[cfe-dev] [llvm-dev] [RFC] Open sourcing and contributing TAPI back to the LLVM community
Jake Ehrlich via cfe-dev
cfe-dev at lists.llvm.org
Wed Apr 11 10:09:36 PDT 2018
I fully agree TBD files will need to be format specific. Producing stubs
(from full shared objects or text) is important and should have a tool to
do it properly. Right now that's an artislian process unique to each
project. Adding linker support is a whole other issue and not one I'm too
concerned with. If someone wants to propose that later, they can. I
certainly won't be proposing it.
As an aside I'm actually quite aware of demand for a textual
representation. I work on a team producing an operating system and we care
about what symbols expose in our system libraries. I also know that lots of
people use libabigail for this sorts of reasons. The demand for human ABI
review exists. Weather a textual representation is important or not is I
On Wed, Apr 11, 2018, 8:53 AM James Y Knight <jyknight at google.com> wrote:
> On Tue, Apr 10, 2018 at 5:33 PM Jake Ehrlich via llvm-dev <
> llvm-dev at lists.llvm.org> wrote:
>> Benifits of TBD:
>> 1) It's human readable and diffs on TBDs correspond to changes in the
>> ABI. Diffs can be automatically added to review processes to ensure that
>> changes to the ABI are reviewed. The TBDs also document your precise ABI.

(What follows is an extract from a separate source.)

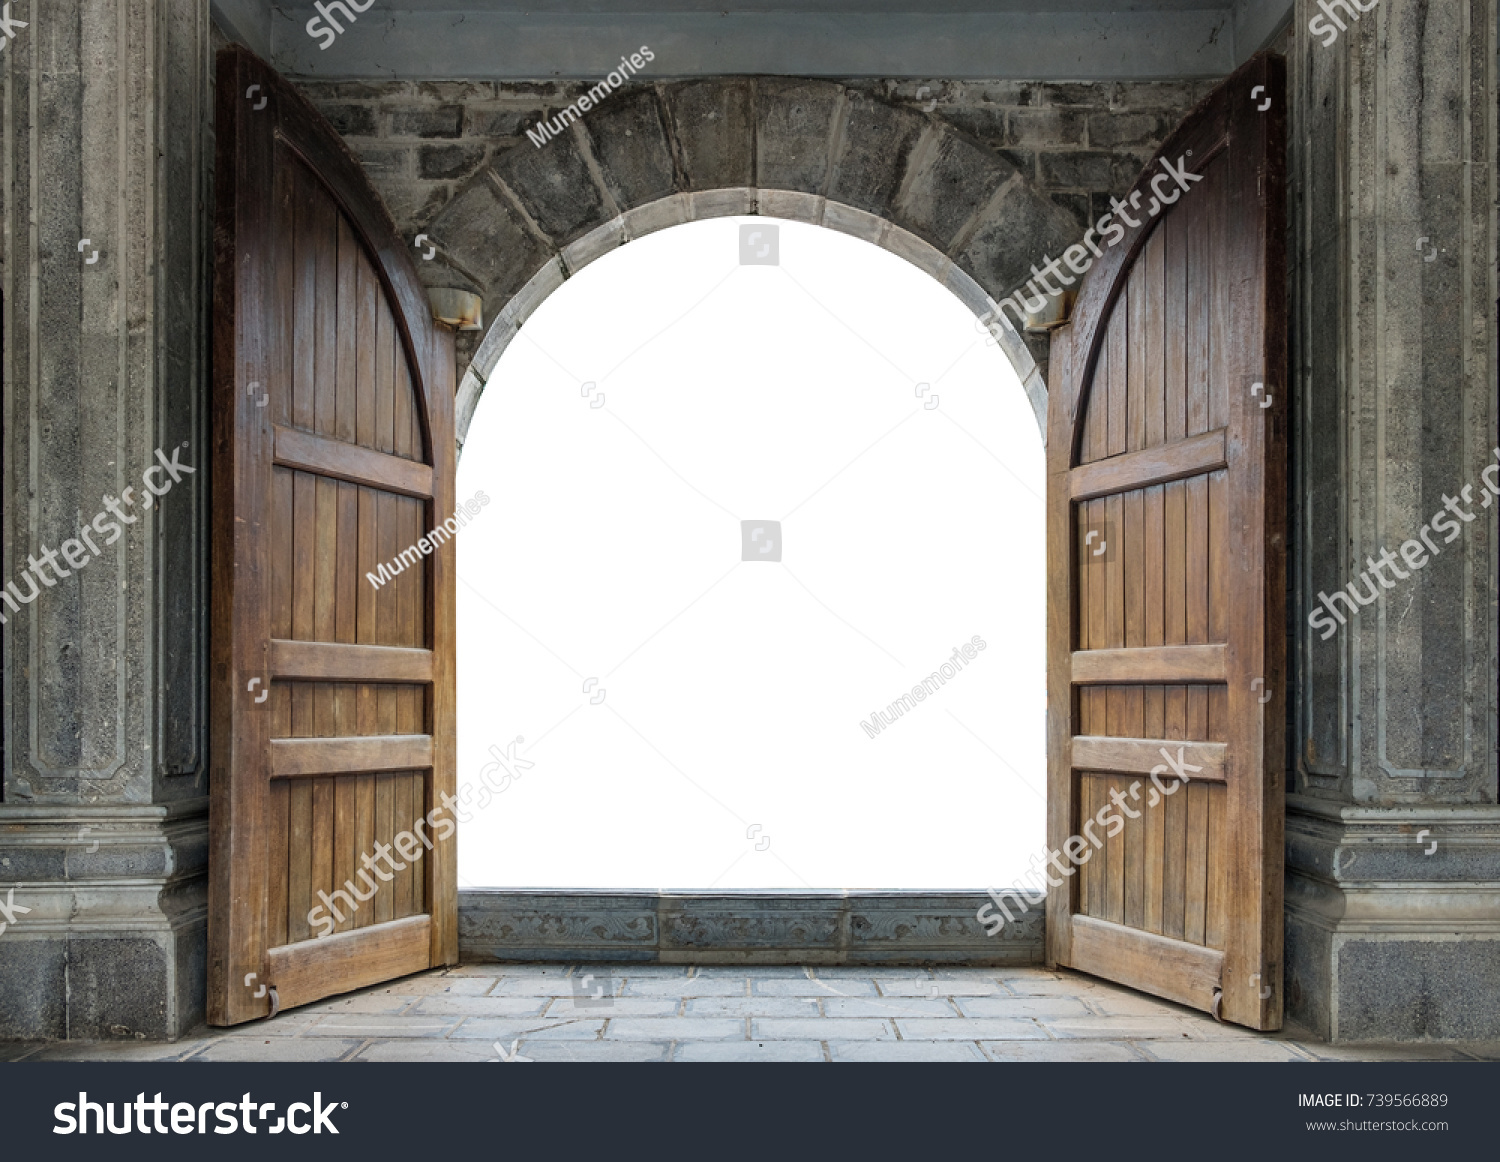 Large wooden door open in rock castle wall #739566889

>> 2) The size is smaller which means they can be shipped in an SDK instead
>> of binaries to reduce the size of an SDK
> I'm still skeptical that this is significant.
> 3) Stubs are producible from TBDs (or should be) which means stubs for
>> linking can be produced even if we don't directly support them in LLD. This
>> lets you ship the smaller TBD files in place of larger binaries and still
>> link things without direct linker support (assuming you already ship a
>> toolchain with your SDK or expect your users to have this tool)

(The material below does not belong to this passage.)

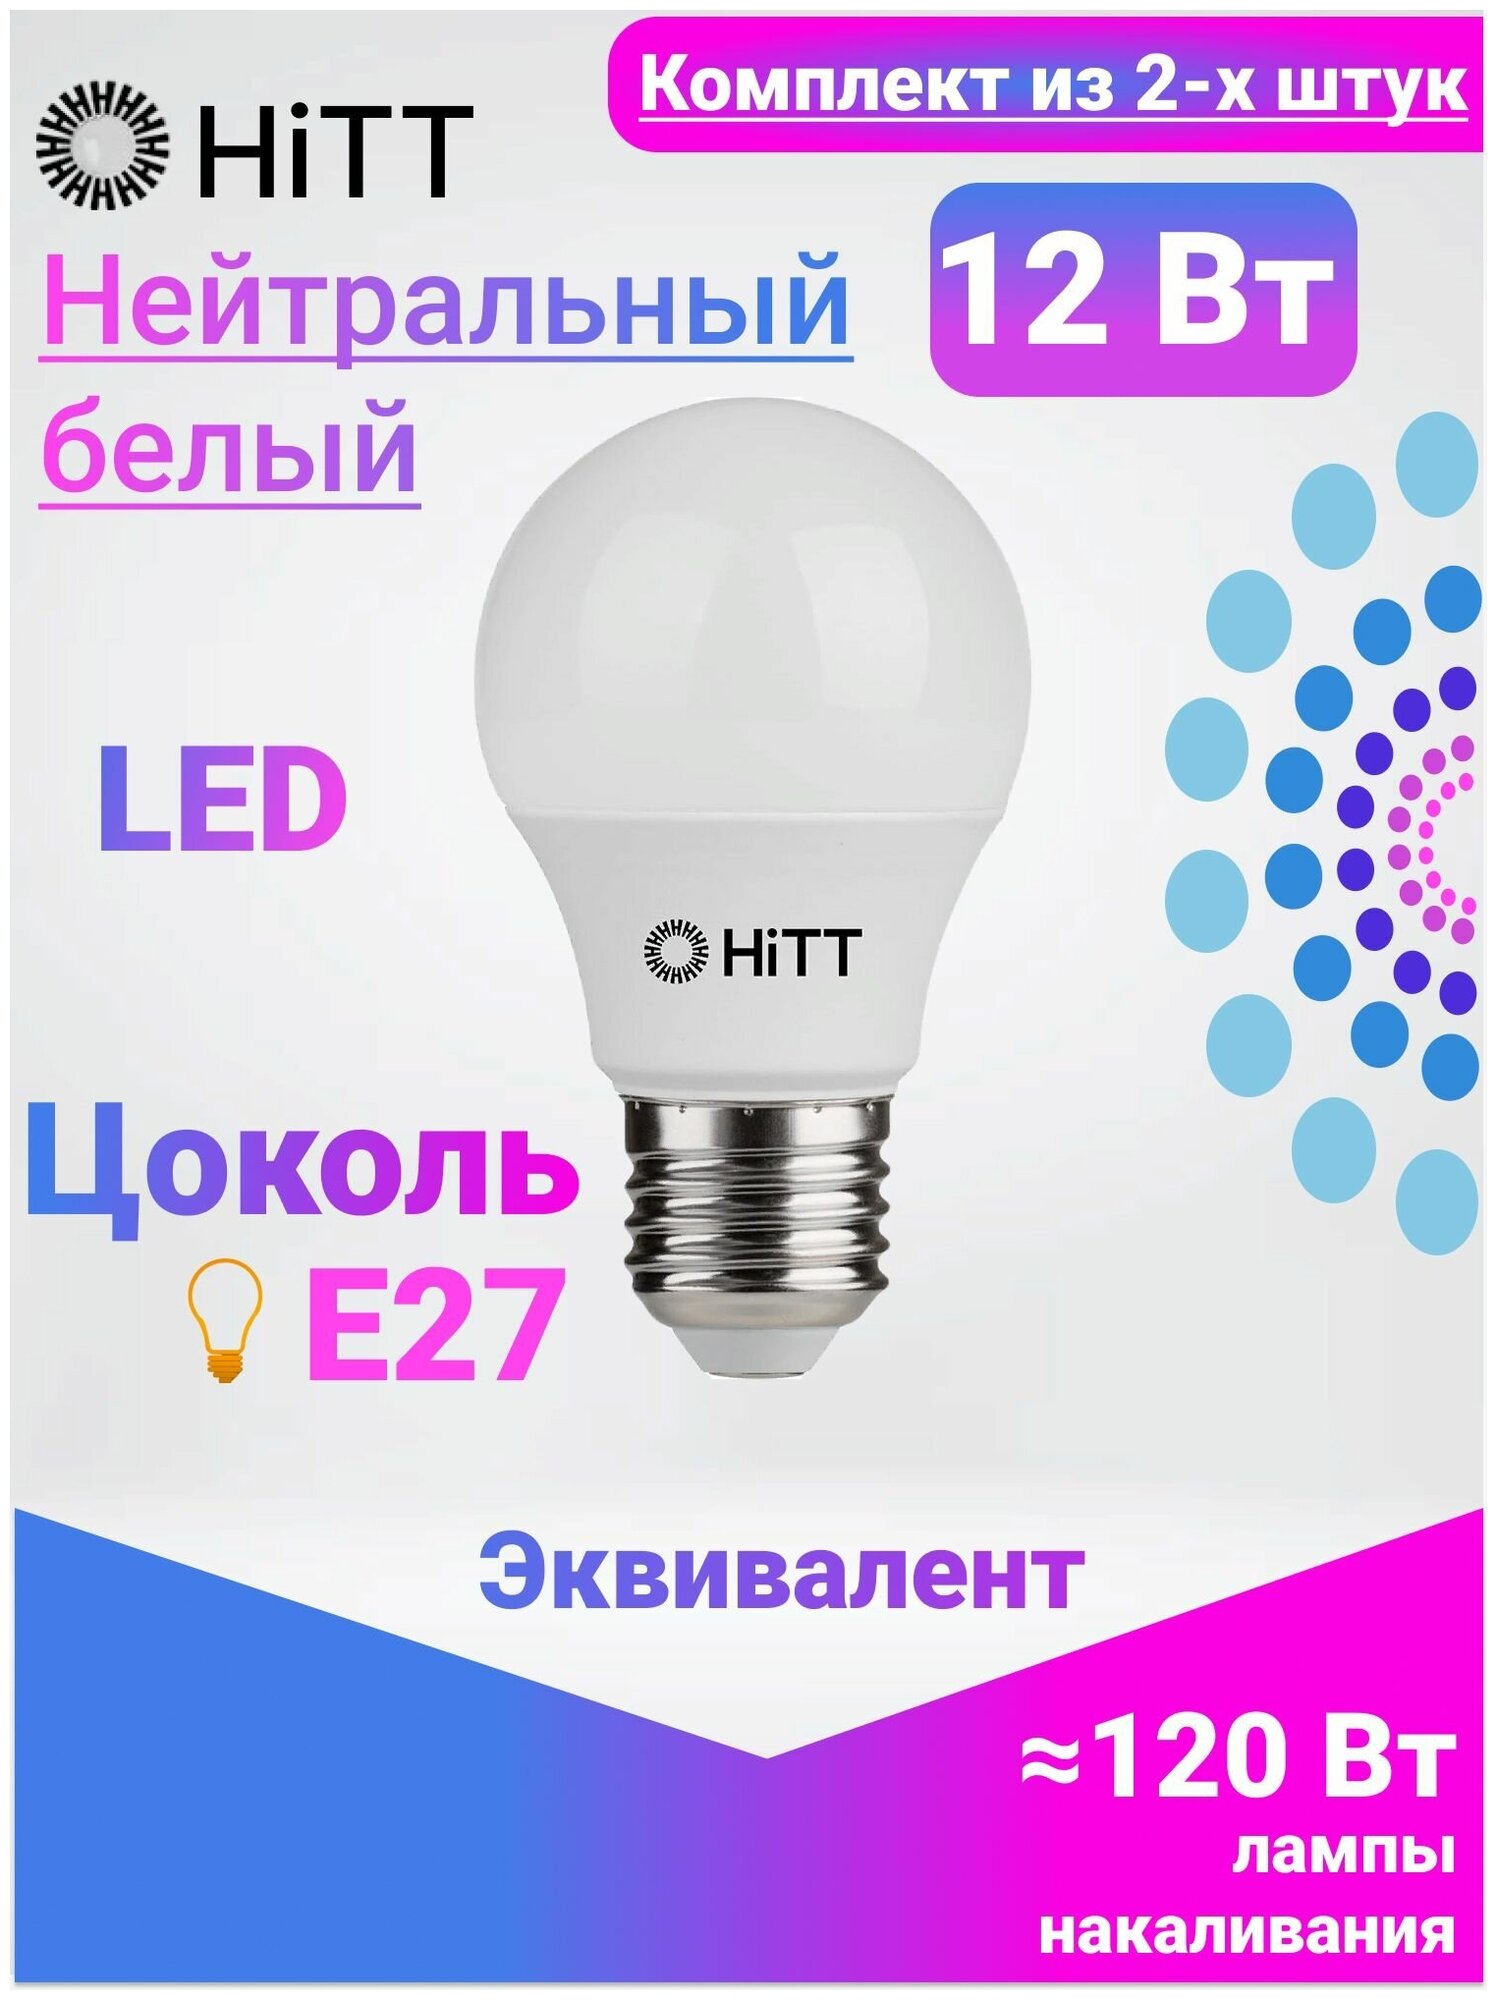 HiTT Энергоэффективная светодиодная лампа, Комплект из 2-х штук, 12Вт E27 4000к

>> Since stubs are producible from TBDs I don't really see a downside. I
>> think we need both, I was going to propose a yaml based representation for
>> ELF for the above reasons anyhow.
> Yea, a tool which can produce a .so from a textual description is
> certainly much less concerning than adding linker support for a new textual
> description format. If it's an official linker-supported format, it'd be
> yet another format that potentially needs to be standardized across
> multiple linkers, and kept compatible for"ever", etc. I just don't think
> that seems worthwhile for ELF.
> OTOH, a standalone tool which can convert from a "full" shared-object to
> an interface shared-object would be _great_ to have. If that tool also has
> some auxiliary textual I/O format it supports, I guess that's fine, too.
> (We do have some existing yaml <-> ELF support, via the "obj2yaml" and
> "yaml2obj" tools.)
> I'd note that reproducing all the things that are required/used from an
> ELF shared object during linking -- symbol type, binding-type, visibility,
> version, alignment (!), .gnu.warning messages, various important "SHT_NOTE"

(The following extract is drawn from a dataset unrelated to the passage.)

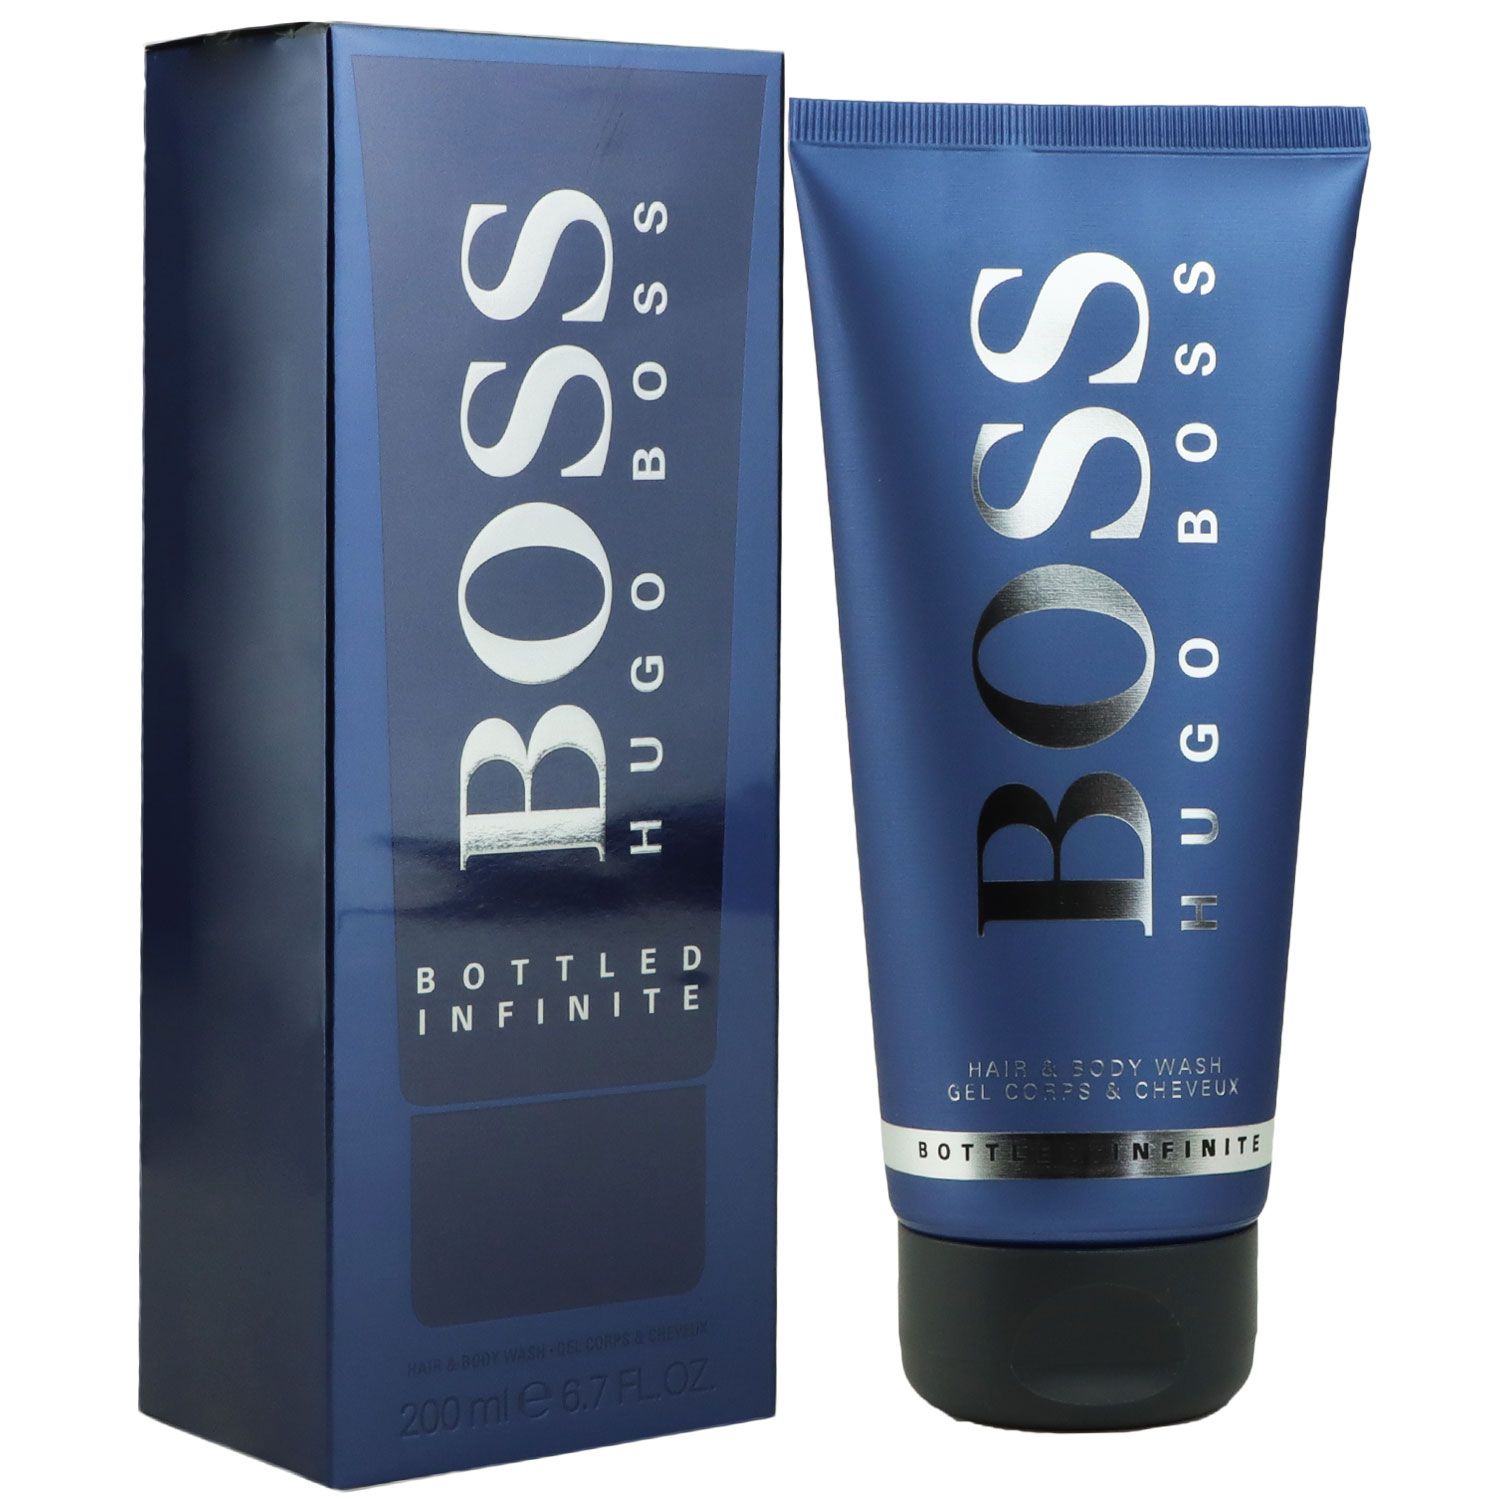 Wash & Dusc Bottled Infinite Hugo ml Boss Hair 200 Body

> sections, and whatever other things I've forgotten about, will need to be a
> _significantly_ different format than what Apple has as their "TBD" format.
> Apple's format also has a bunch of special cases in it to make it easier to
> use for their platform, but a rather less generic tool. E.g., symbols
> starting with "_OBJC_CLASS_$" are recorded in the "objc-classes" field with
> the prefix removed, instead of just recording it as-is.
> So, I'd also caution that while the project of "import apple's libtapi
> into LLVM for LLD/MachO" and "Make a scheme to do interface shared-libs for
> ELF" might seem superficially related, I'd be very surprised if that
> actually ended up being the case. I would really not expect it to share
> just about anything at all other than the concept of being a textual
> description for a library.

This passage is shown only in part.